As a Dalit officer, Darapuri’s achievements made him a role model for many in his community. “Whether it was gender equality, Dalit rights, minimum wages, or a need for a Whistleblower Act, Darapuri ji has always raised his voice for any issue that strengthens democracy,” said Kumar.
Since his retirement in 2003, Darapuri has been part of fact-finding teams looking into almost all the major incidents of violence in the state. Last year, he was part of the group that gave a report on the communal violence in Kasganj, which raised questions about the police’s inability to control a riot-like situation.
“Arresting men like Mohammad Shoaib, SR Darapuri, Robin Verma and other respected activists is simply frightening,” said veteran journalist Sharat Pradhan. “It reveals the unthinkable extent to which the government will go to suppress dissent and throttle democracy.”
Among other prominent civil society members who have been arrested are Deepak Kabir, known for his vibrant work in organising cultural festivals in the city and actress Sadaf Jafar. Their families have alleged that they were badly beaten by the police.
Even some prominent citizens who went to the police station to seek information on the arrests were detained. According to Madhavi Kuckreja, a social entrepreneur and activist, “We had gone to get information on Deepak, Sadaf and others. Along with me was Arundhati Dhuru, Meera Sanghamitra and SR Darapuri’s son with medicines for his father.

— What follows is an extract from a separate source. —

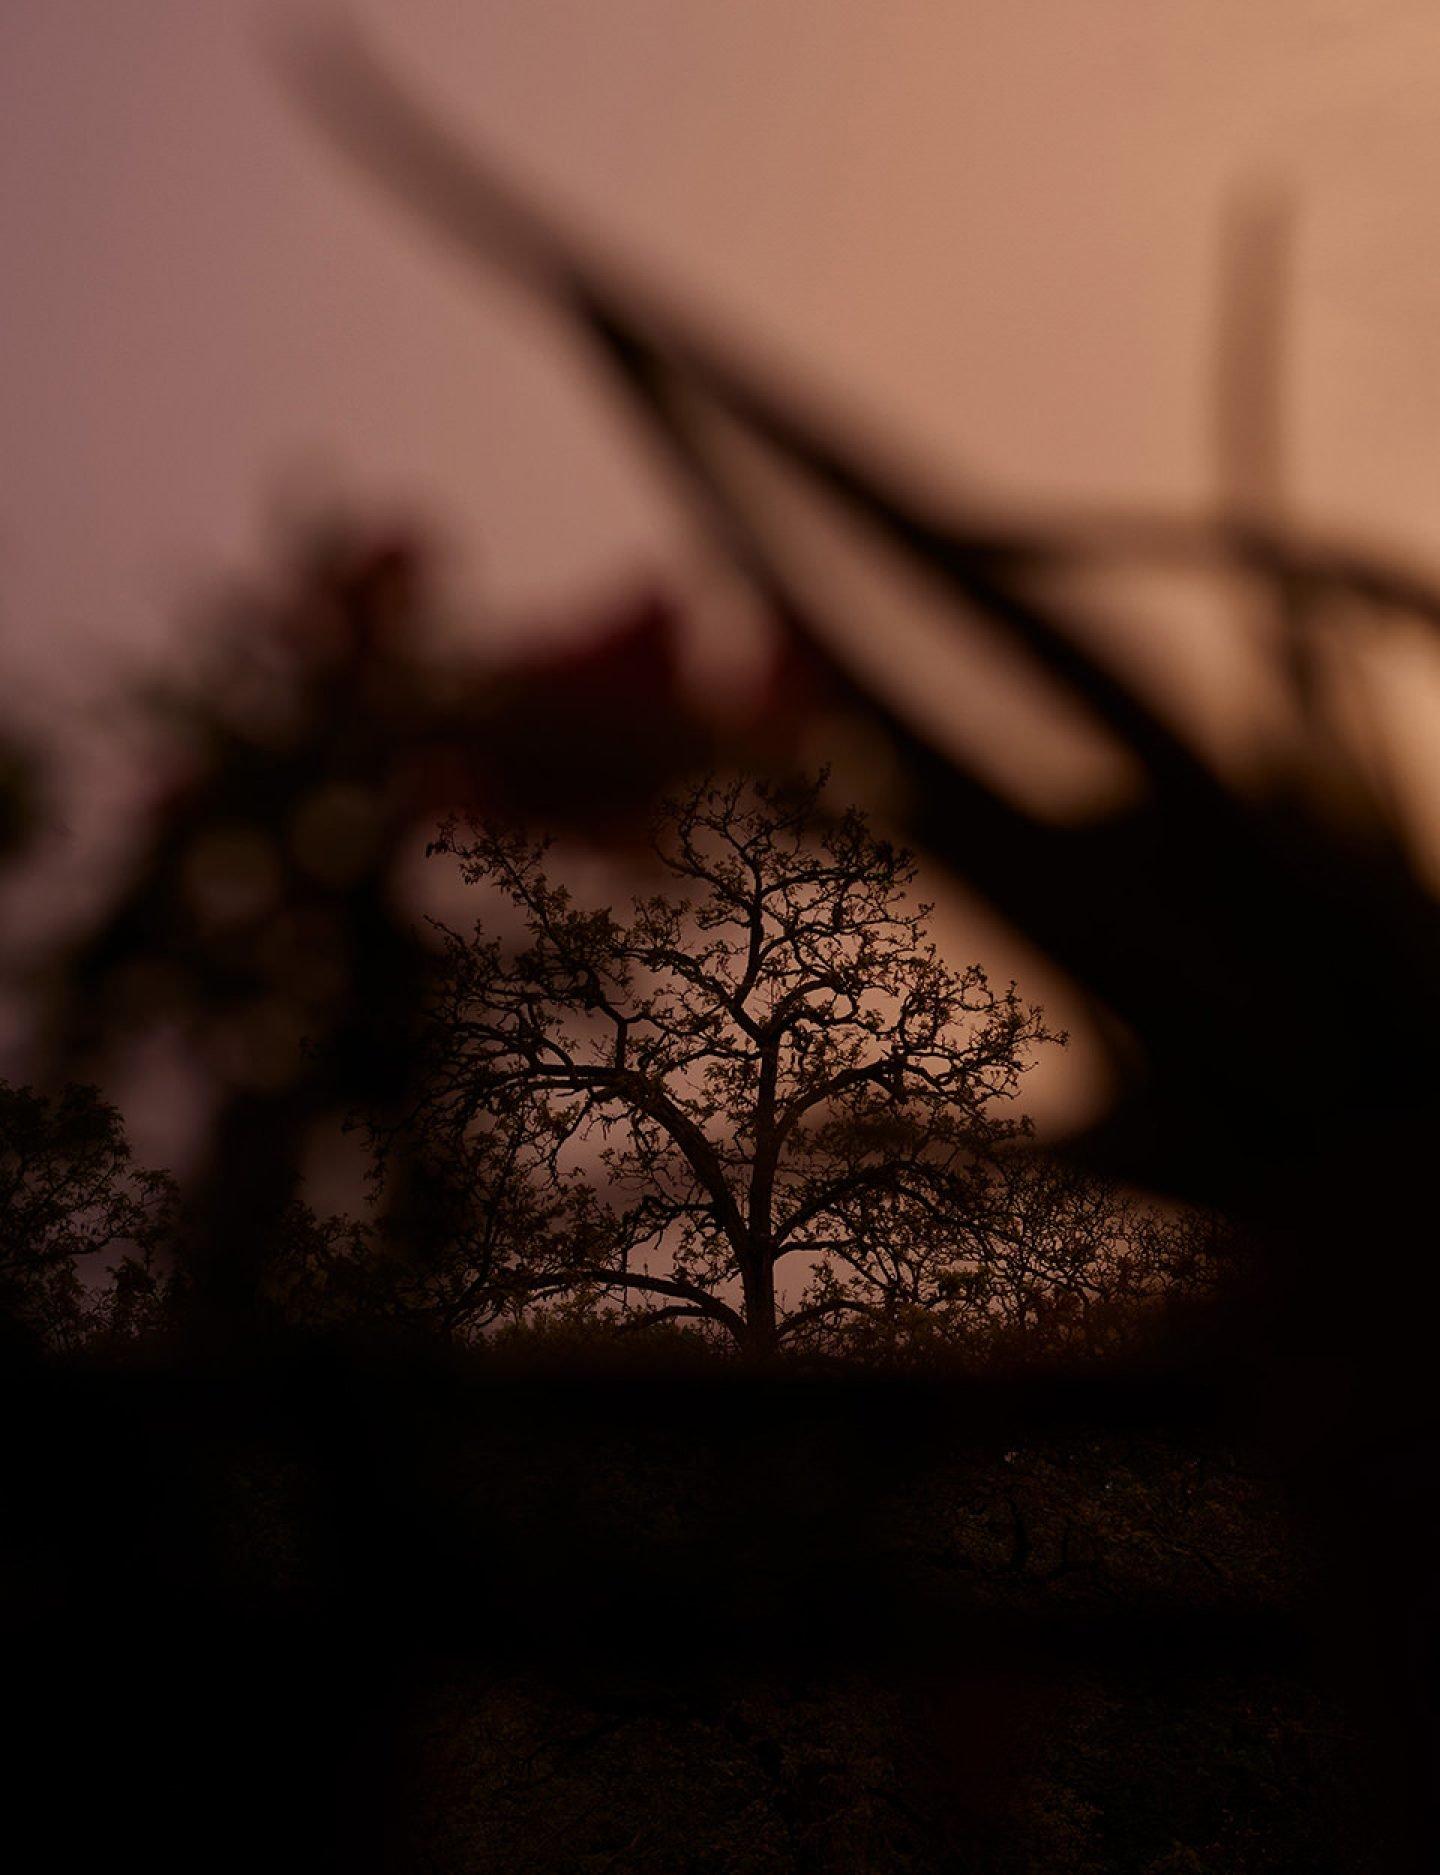 IGNANT-Photography-Gruenberger-ALetterToAFriend-1

Instead of telling us where the men were, why they were arrested, the police detained us.”
Though they were released after two hours, the intention of the act was not lost on anyone. It was clear that consequences would follow for anyone who was vocal in condemning the actions of the police, organising protest rallies or in the chief minister’s words, trying to “shock the state into silence”.
For now, the brunt of this is being borne by the families of those arrested. Ironically, the only time Mohammed Shoaib had been jailed in the past is in the mid-seventies when he protested against the Emergency. He even has a pension card from the government for his battle for fundamental rights.
His wife’s quiet words, as she displayed the pension card, summed up the tragedy that the government is enacting. “For years my husband has gone to jail to meet those he is representing,” said Malki Bi. “Now I go to visit him. In my heart I know he will come back for he is innocent.”